One does not mean by this that the left wing of NSW Labor is entirely virtuous. It, or its various sub-factions, can stack branches, forge minutes, appoint mates, punish enemies and engage in character assassination with the best of them. But its "thing" in politics has hardly ever been so closely connected to the use of political power to advance the interests of developers, publicans and others with a cheque book. Elements of the NSW Right have always been for sale or for hire, and the fortunes, and power, of some of the senior party officials have always turned primarily on their capacity to line the faction's war chests.

Over the past decade, there has been a bit of a transition between the old Tammany-style Irish and Poms who once controlled things to a more multicultural lot.

But business is business, as ever. Business is biggest at the local government level (with help in processing development applications), than at state level. But it also turns on the capacity to deliver in Canberra.

Many Labor MPs and party officials are not corrupt. One would, however, have to be a very naive MP or official who was not aware of how influence and access is peddled. Over the years several prominent Labor MPs have told me they have worried about whether money played a role in particular decisions, and whether improper internal party pressure (on behalf of moneyed interests) played a role in others.

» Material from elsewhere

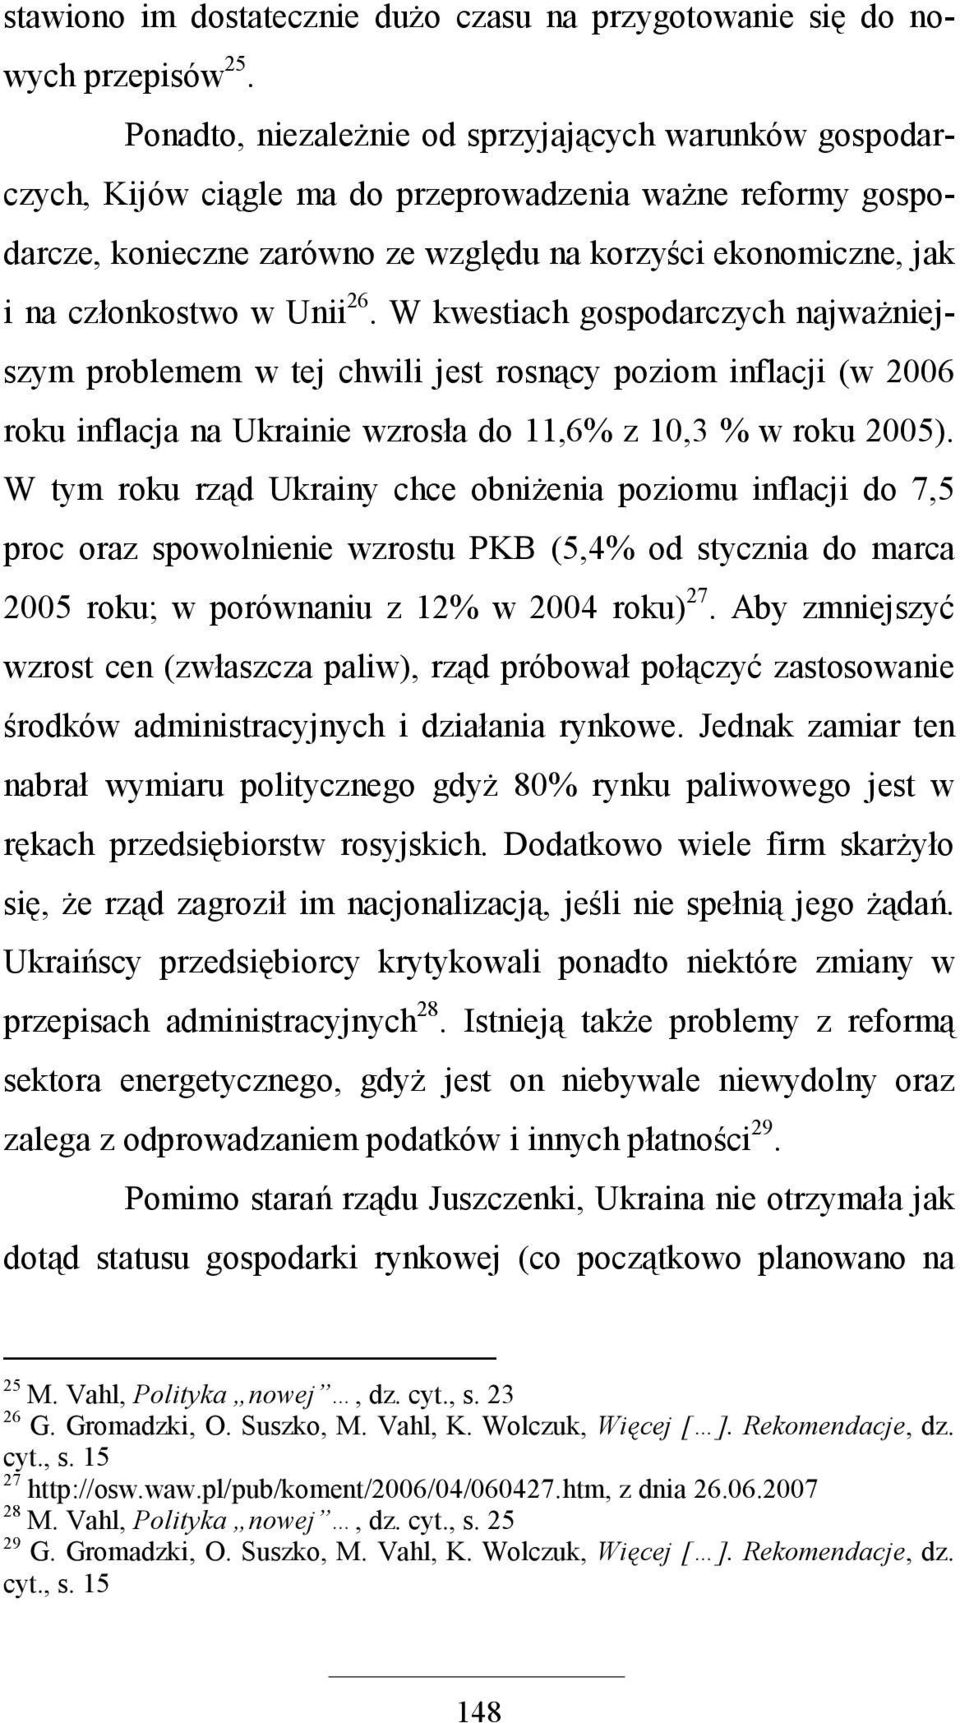 w Unii 26. W kwestiach gospodarczych najwaŝniejszym problemem w tej chwili jest rosnący poziom inflacji (w 2006 roku inflacja na Ukrainie wzrosła do 11,6% z 10,3 % w roku 2005).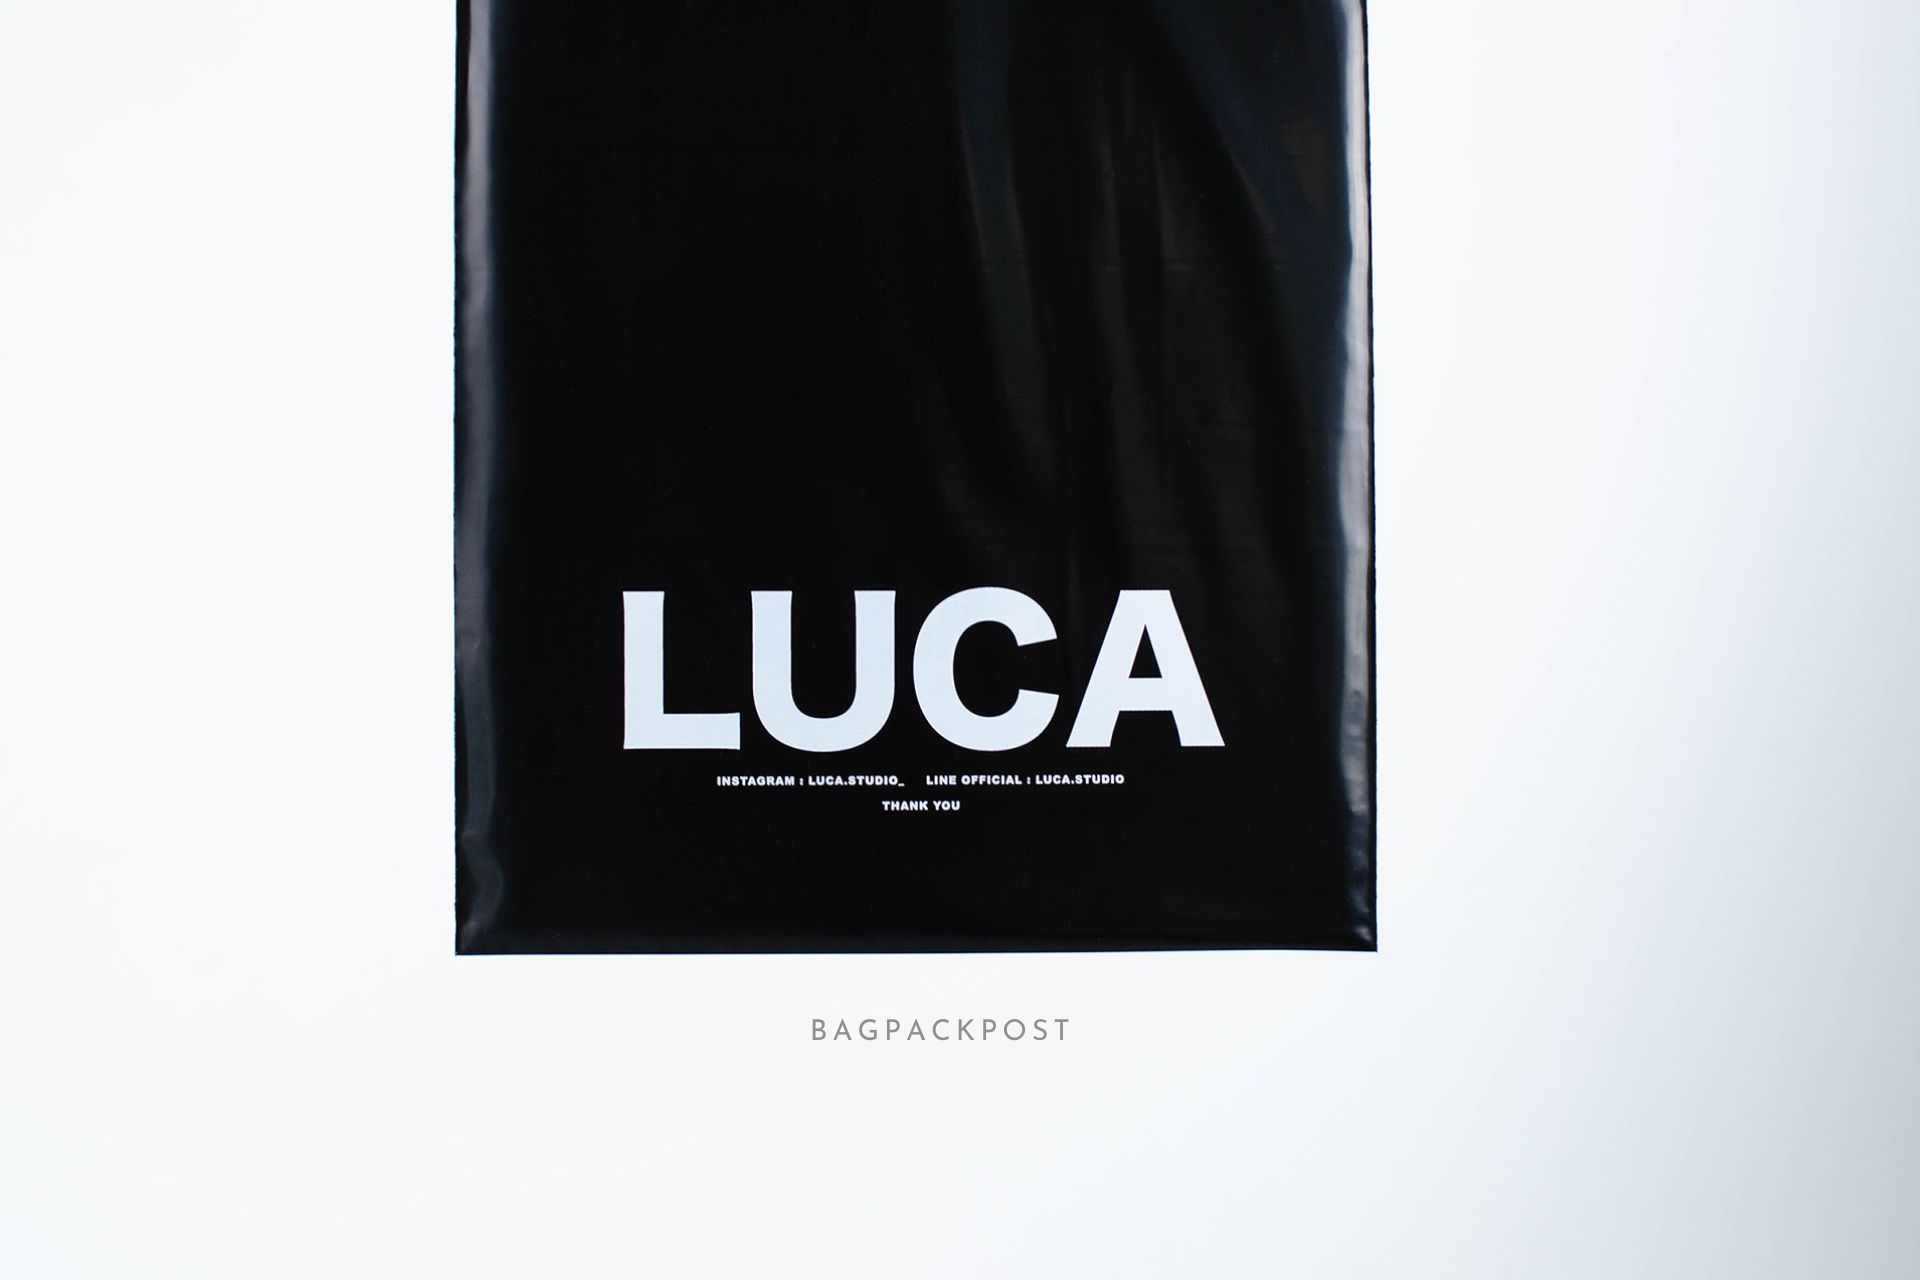 ผลิตถุงไปรษณีย์ ถุงพัสดุ ซองไปรษณีย์พิมพ์ลาย Luca ซองไปรษณีย์สีดำ ถุงไปรษณีย์พิมพ์ลาย 3 BagPackPost

Kevin Rudd is the Labor leader whose power is most independent of this system since Gough Whitlam and Bill Hayden, but he has yet to take a step to seek fundamental reform of the party. Kim Beazley, himself honest, depended heavily on corrupt factions, and not only from NSW. Paul Keating, before becoming PM, became estranged from his old "mates", but he, and his closest friends, were once key players in the NSW Right.

It may take time for the cancer to become obvious in the way Labor governs itself at the Federal level. But, if Labor is in power for a long time, there's nothing more inevitable than that it will engulf it.

Since Rudd plans on being around for a long time, it is strange that he tries to ignore it. It really would be better if he confronted it head on. Now.